Like, for example the abnormal EEGs associated with some affective disorders, the ways some drugs can cause clinical depression or greatly exacerbate it, or the remarkable responses (reported, often, not by the patient but by the family, friends, and associates of the patient) to some medications?
Or, on a larger scale, Are all opinions determined not by evidence but by the desire for some kind of gain? And if so, is the opinion that opinions are so determined itself so determined? Certainly the opinion that opinions are determined by economic gain and power would fallunder the genral classification of "Marxism", and while there are many problems with Marxism, the first is the problem of how does Marxism explain Karl Marx?
And what is "Psychiatry" that "it" can adopt or reject models?
Having said all that, I will eagerly agree that medical insurance companies sure wish that all psychiatric problems would respond to medications which are often cheaper (and more effective, maybe) than "the talking cure".

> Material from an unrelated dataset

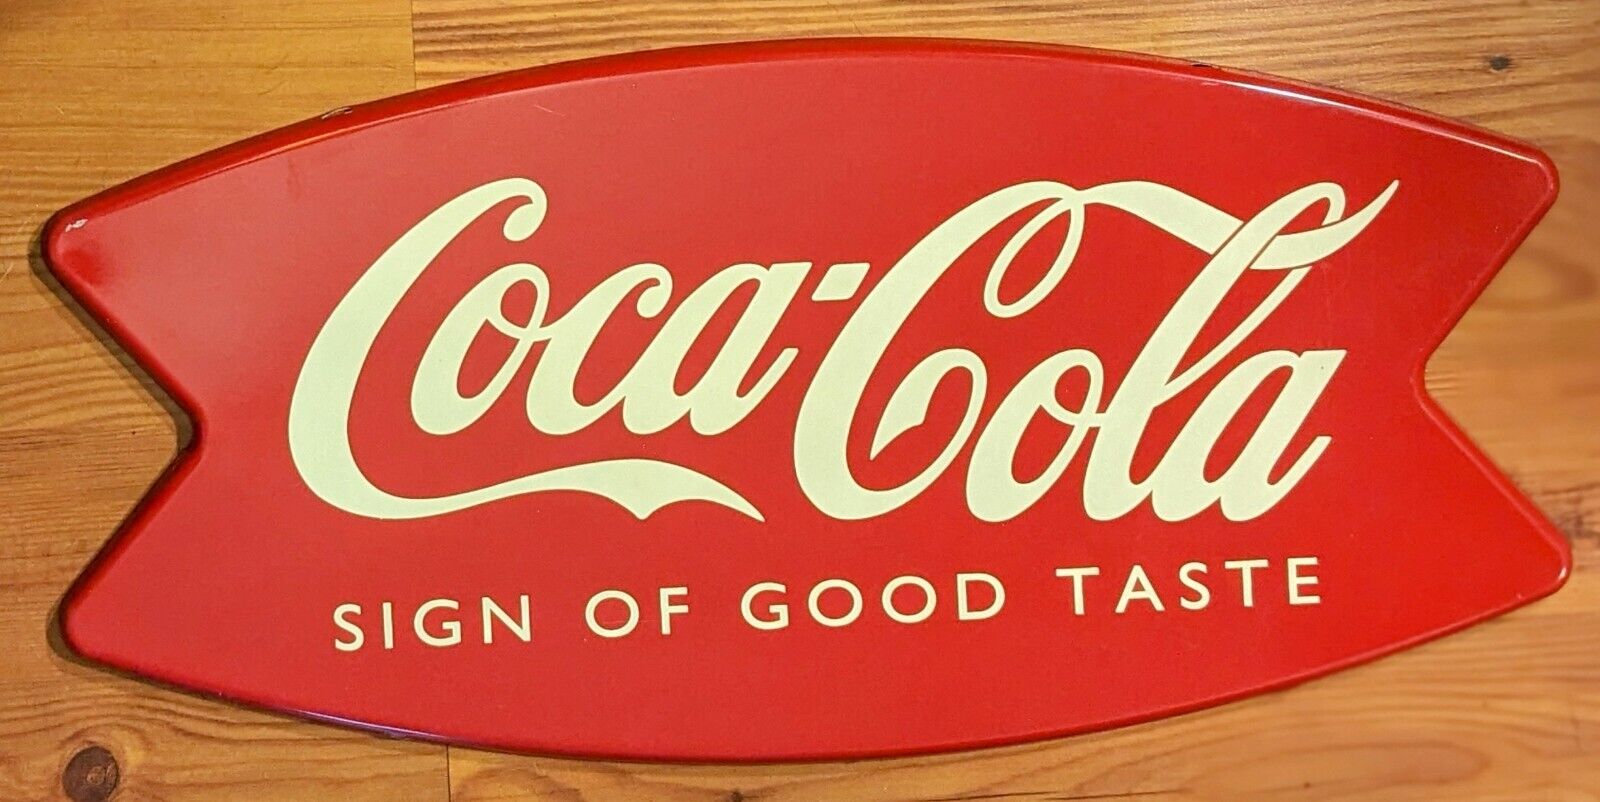 Coca Cola Sign Of Good Taste Fishtail Metal Sign Soda Advertising 24\'\' Official

Well, as a psychiatrist (ret) I would use "pursue" instead of adopt. You raise legitimate points and psychiatry has the data you mention and is doing that type of research you mention. It is also abandoning "talking therapy," (too time-consuming) and making unwarranted diagnoses all for the sake of increasing the bottom line. For example, Personality disorders are rarely diagnosed and are replaced with bi-polar affective disorder--why? Because you cannot treat personality disorders with medicine. Virtually all of the research in Psychiatry pursues the "Nature" (biological) side of mental illness while ignoring the "Nurture" (life's experiences and learning) side---that in and of itself is pursuit of the biological model.